The micromoulding of polymers has provided an ideal fabrication route for the construction of single-use integrated devices for electrokinetic microseparations. Our designs have incorporated injector geometry that allows variable injection volumes in microchannels controlled by a combination of programmed hydrodynamics and electrophoresis. The utility of the injection scheme is demonstrated for isotachophoresis separations. Further developments have lead to the incorporation of parallel opposed conductivity detection electrodes in two ways. Firstly, by the injection of conducting polymer into a pre-molded channel system and secondly through the molding of the polymer microchannels around electrodes pre-molded in conducting polymer. This has provided a potential rapid manufacturing route for low cost polymer separation devices. As well as integrated conductivity detection electrodes, simple optical elements have been incorporated into injection molded ITP devices to permit detection of the separated bands by optical means. A simple spherical lens was incorporated into the top section of the device which included the sample and buffer reservoirs. The lens was positioned directly above the conductivity detection electrodes, to permit simultaneous electrochemical and optical detection.
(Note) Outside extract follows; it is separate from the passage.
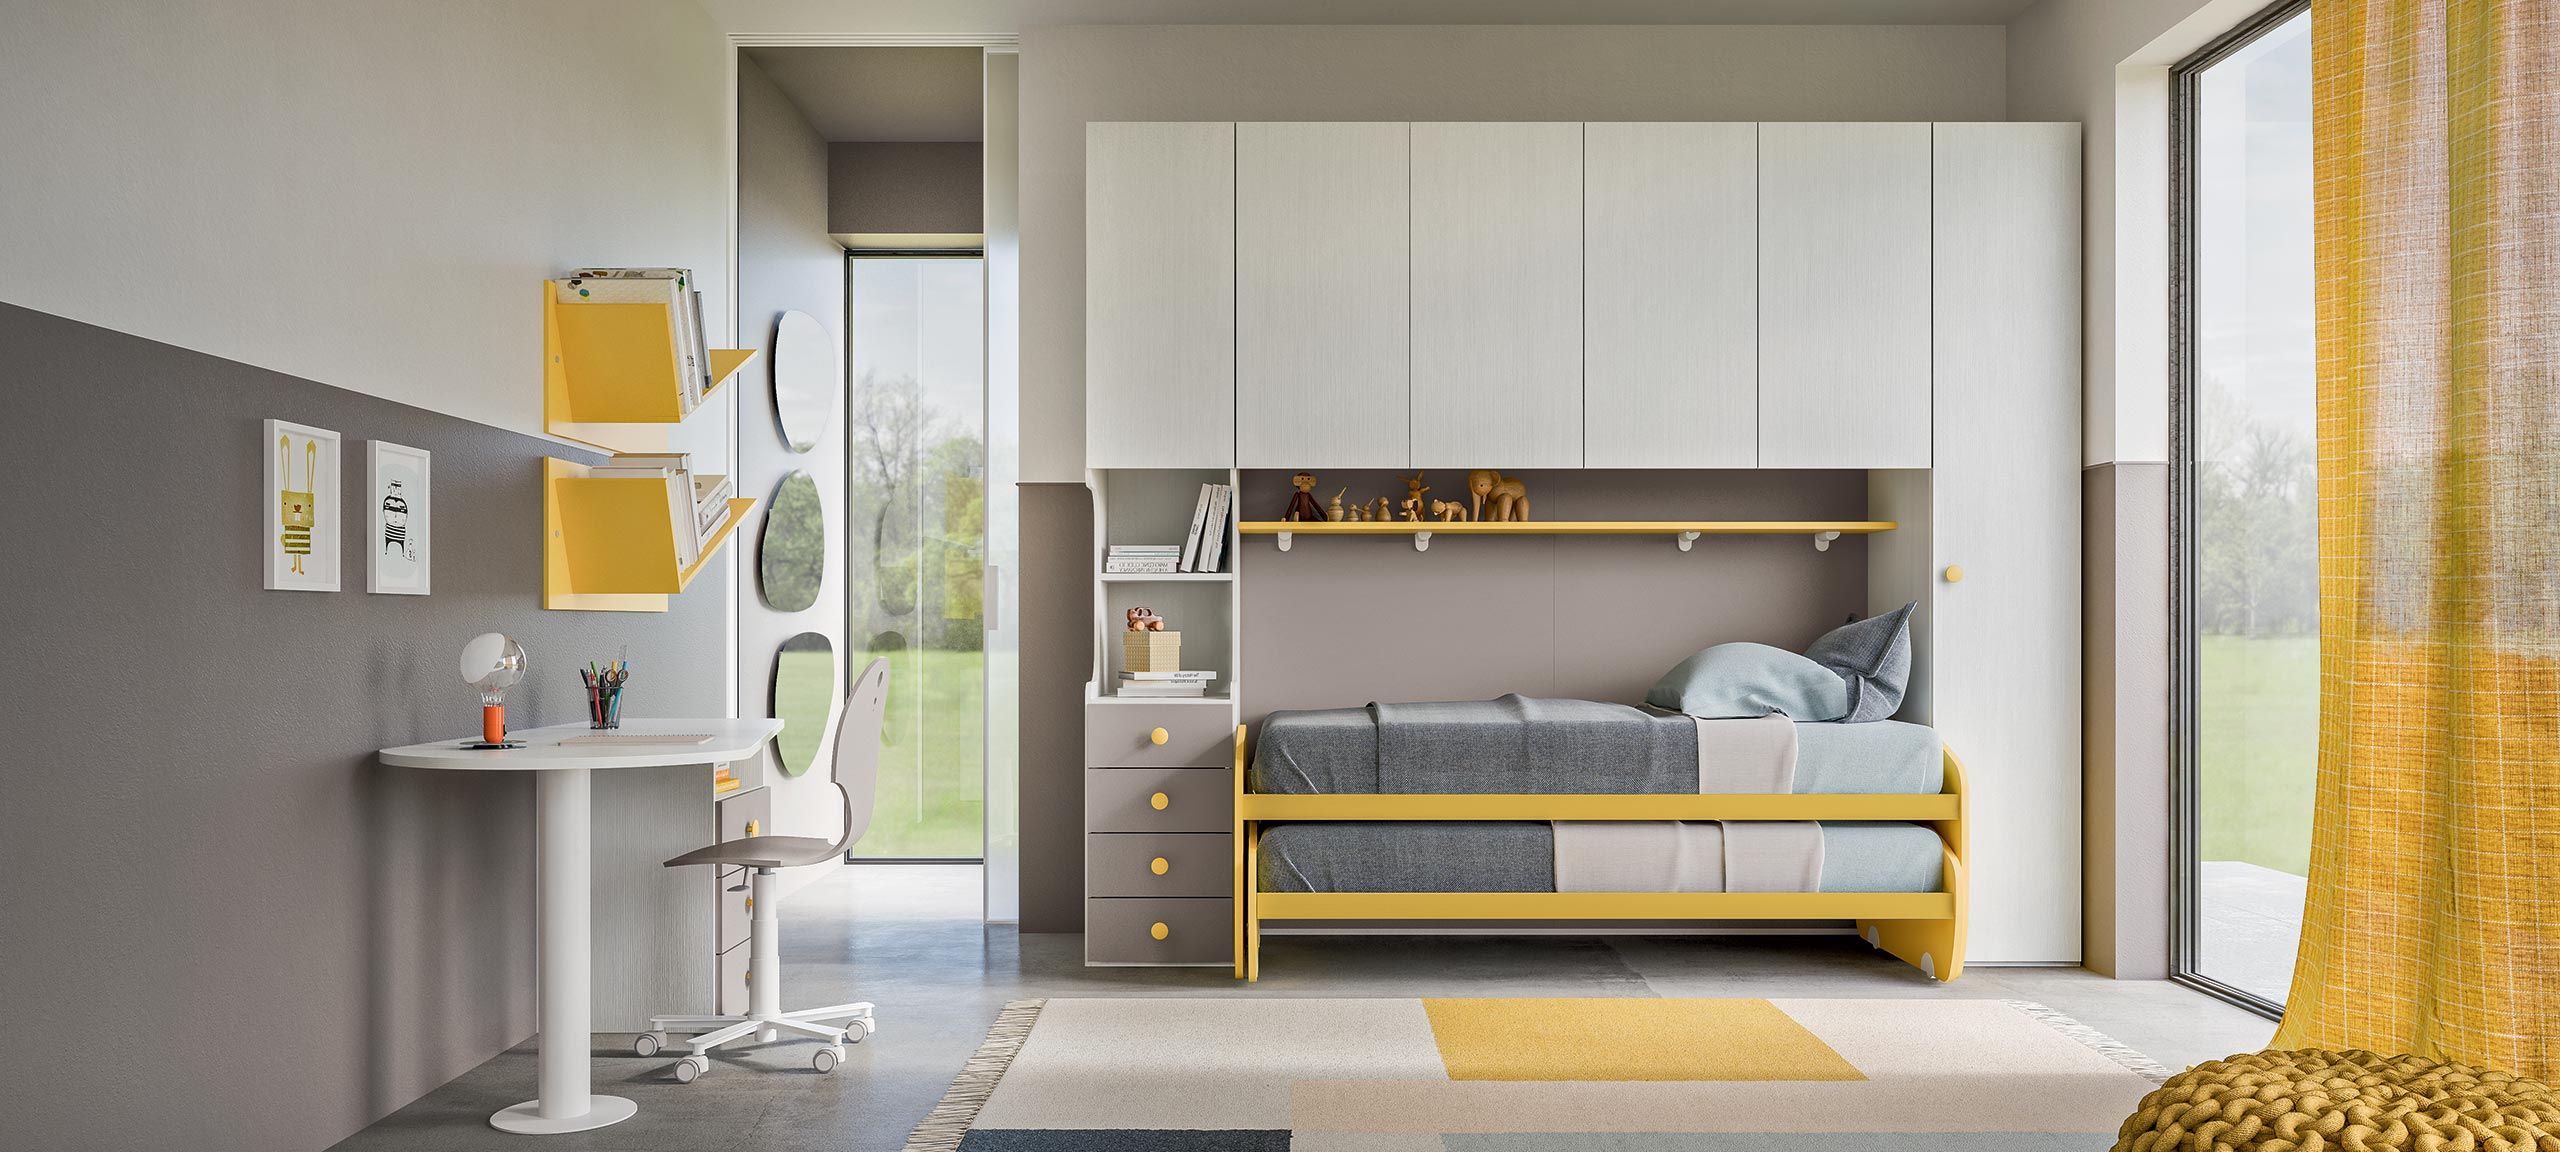 Children?s Bedrooms With Bedroom Cabins | Mab Home Furniture In Overbed Wardrobes (Gallery 5 of 20)

The lens was used to perform visible absorption spectroscopy using an Ocean Optics spectrography and tungsten-halogen fiber-optic white light source.

Paper Details

Date Published: 21 June 2002
PDF: 12 pages
Proc. SPIE 4626, Biomedical Nanotechnology Architectures and Applications, (21 June 2002); doi: 10.1117/12.472109
Show Author Affiliations
Peter R. Fielden, Univ. of Manchester Institute of Science and Technology (United Kingdom)
Sara J. Baldock, Univ. of Manchester Institute of Science and Technology (United Kingdom)
Nick J. Goddard, Univ. of Manchester Institute of Science and Technology (United Kingdom)
Lee Morrison, Univ. of Manchester Institute of Science and Technology (United Kingdom)
Jeff E. Prest, Univ. of Manchester Institute of Science and Technology (United Kingdom)
Bernard J. Treves Brown, Univ. of Manchester Institute of Science and Technology (United Kingdom)
Michele Zgraggen, Univ. of Manchester Institute of Science and Technology (United Kingdom)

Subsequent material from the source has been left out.